If you installed the system at all, just installed it from scratch, then it needs to put a lot in the snapshot, because it has everything new. If the system worked ... at least one snapshot did, then after that it doesn’t have many modifications, and the next snapshots happen very quickly. And if you remove all of our checks and assertions, then it probably takes about five seconds. But the current core, which I show you, has all these checks in it, and secondly, it is now running as if it had just been born after installation, respectively, taking a snapshot takes quite a long time, because after taking a snapshot, we still check for consistency to make sure that the system of snapshots ... oh, silent, fine ... we will have an honest experiment, the virtual machine in which Phantom works, for some reason decided to break.
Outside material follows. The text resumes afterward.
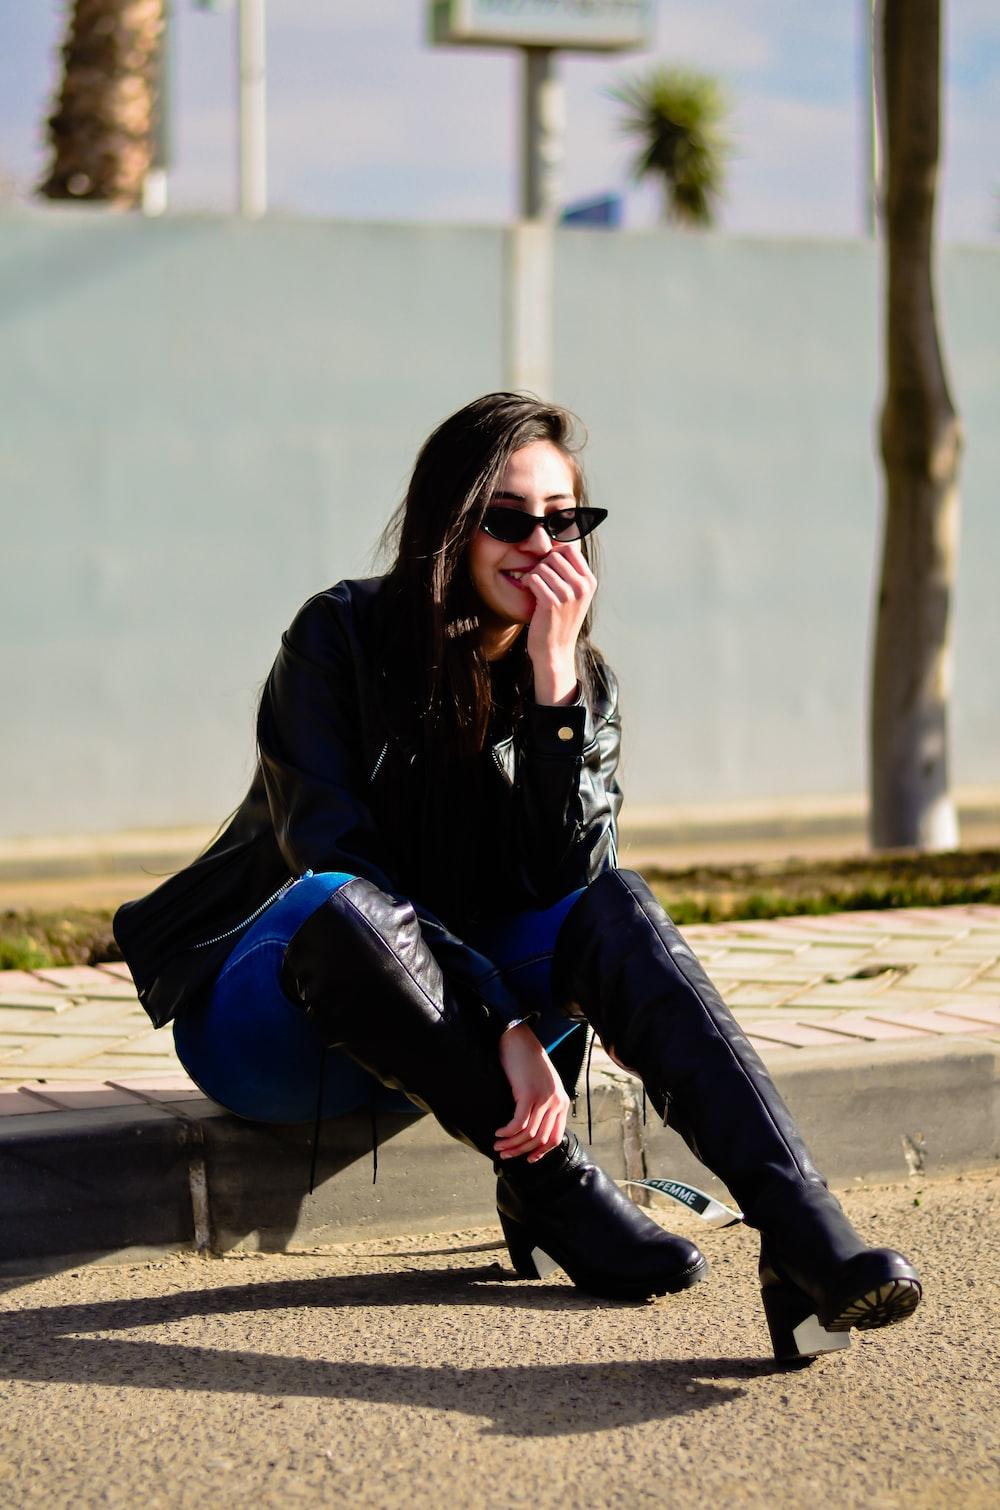 smiling woman sitting on pavement

Accordingly, we will assume that he was pulled out of the socket completely unexpectedly. Now she breaks, Windows is a very thoughtful thing, for some reason she does not want to kill it right away, here. What is another value of such a structure? The fact is that the Phantom starts very quickly, ... what is a snapshot raising? This means that the kernel was loaded, and the kernel is very small, after which the kernel found the memory location map on the disk, lifted it into memory and started further. All other disk accesses occur within the framework of ordinary pagefaults, which are caused by memory accesses that have not yet loaded. Why is it important? Because modern computers are constantly migrating mz desktop-type laptops, in some built-in applications. My TV has Linux, for example. And this Linux, for some reason, starts eight seconds, it terribly annoys me.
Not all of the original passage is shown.